▶ [Collected material]:
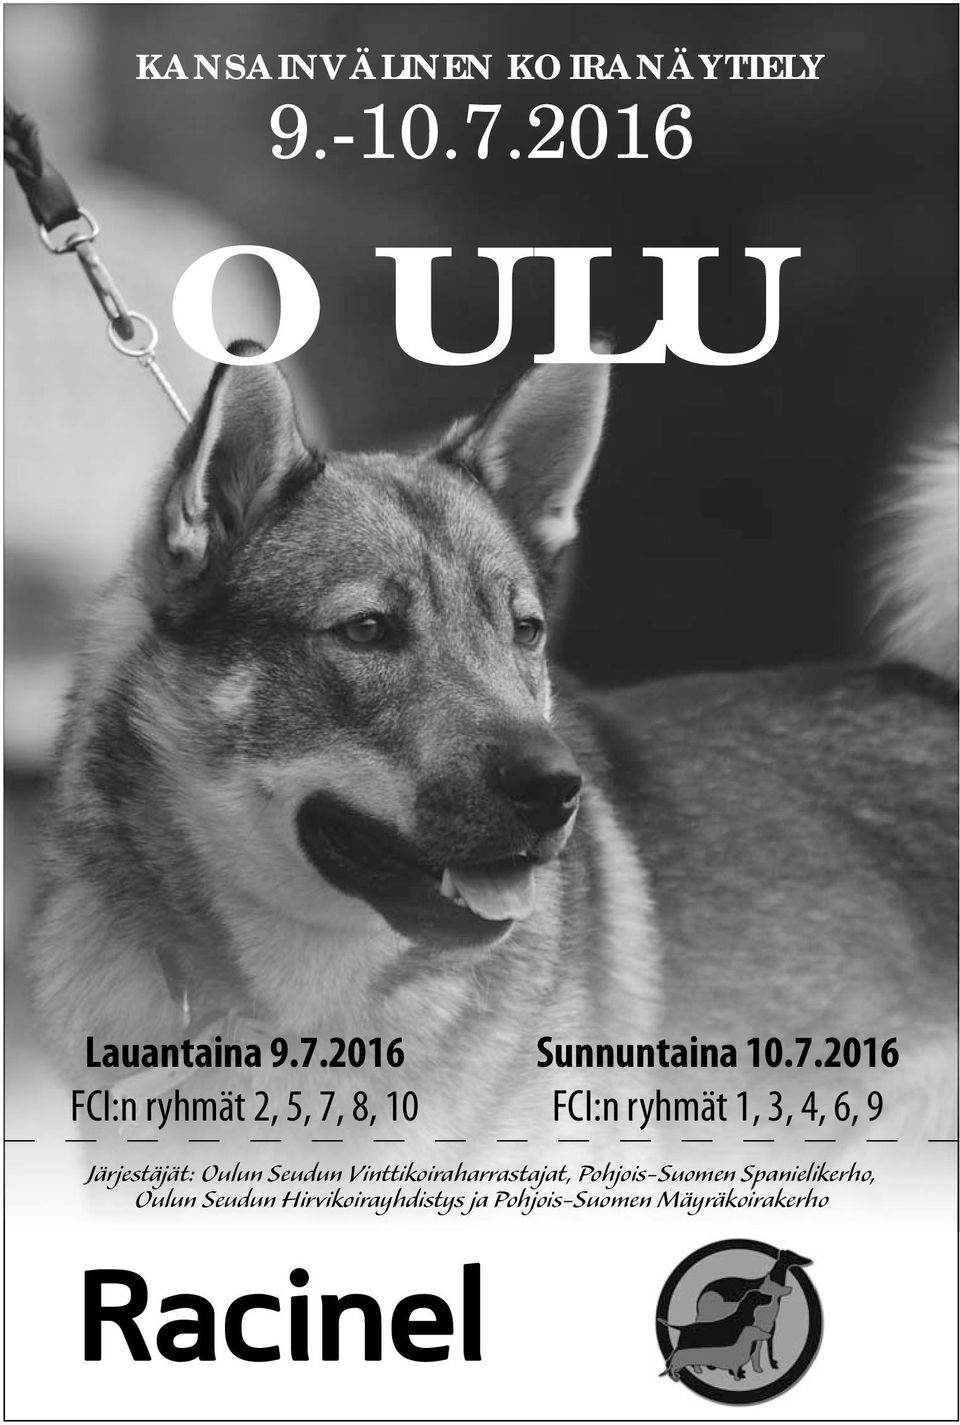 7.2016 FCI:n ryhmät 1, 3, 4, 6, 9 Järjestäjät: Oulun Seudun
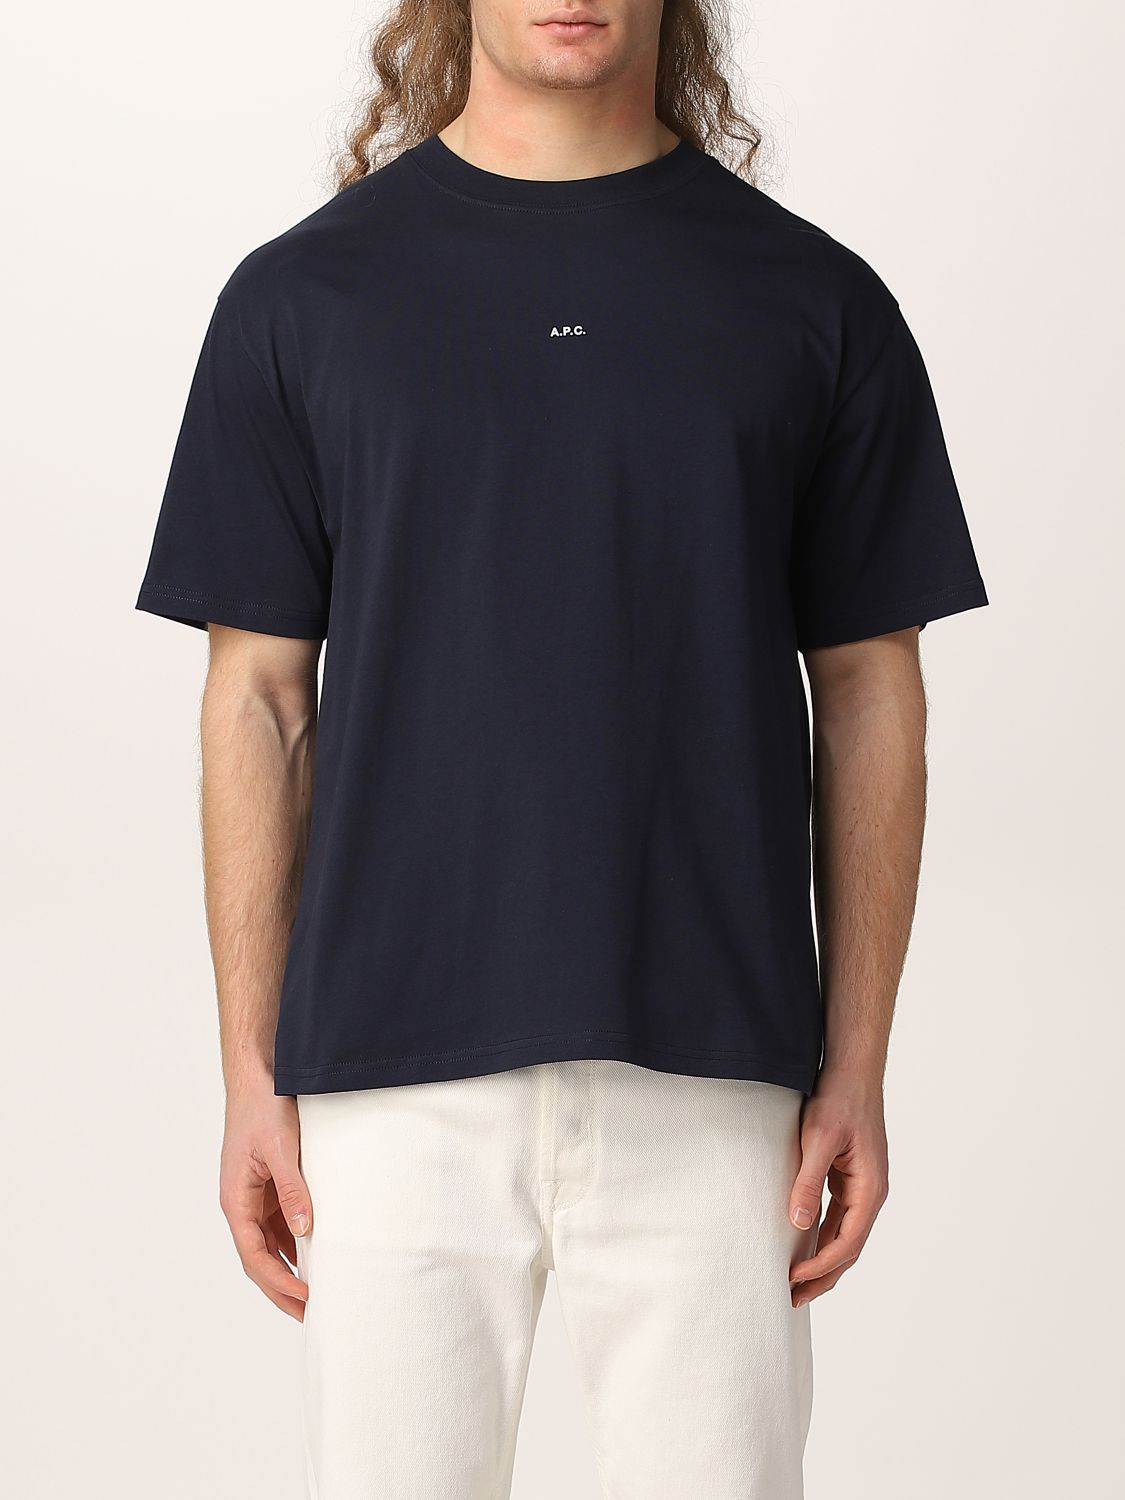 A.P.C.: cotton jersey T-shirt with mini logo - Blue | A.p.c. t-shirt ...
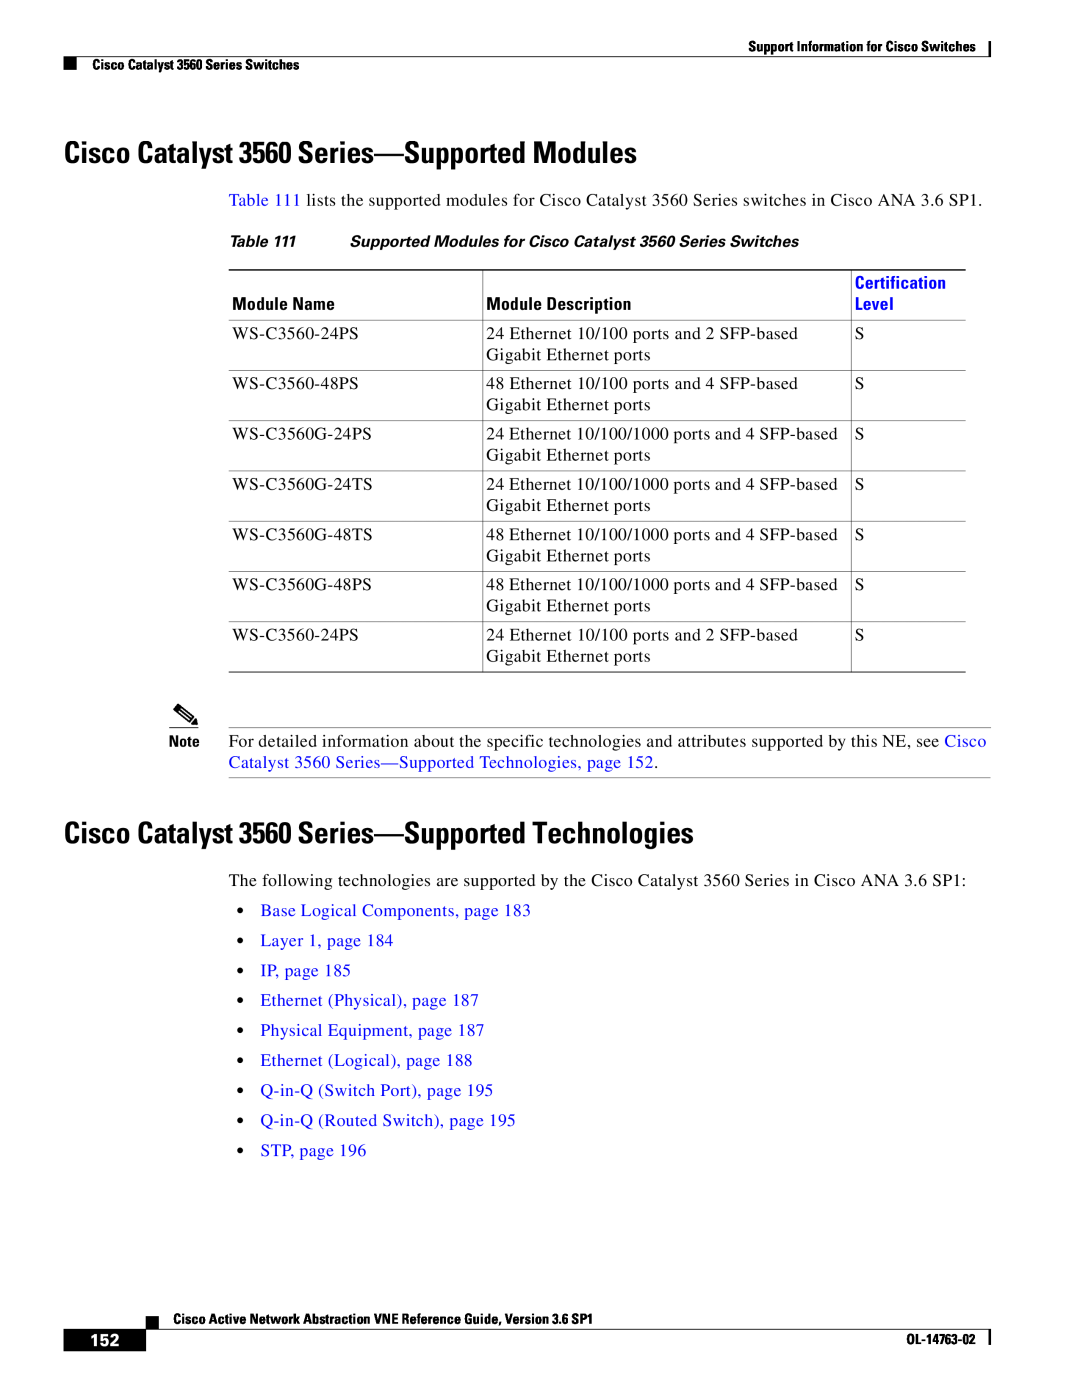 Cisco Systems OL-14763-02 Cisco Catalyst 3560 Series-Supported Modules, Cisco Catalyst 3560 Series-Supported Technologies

▶ [Activity]:
When copying, output the data exactly and leave out the pictures.

▶ [Answer to this task]:
 7.2016 FCI:n ryhmät 1, 3, 4, 6, 9 Järjestäjät: Oulun Seudun
 A.P.C.: cotton jersey T-shirt with mini logo - Blue | A.p.c. t-shirt ...
 Cisco Systems OL-14763-02 Cisco Catalyst 3560 Series-Supported Modules, Cisco Catalyst 3560 Series-Supported Technologies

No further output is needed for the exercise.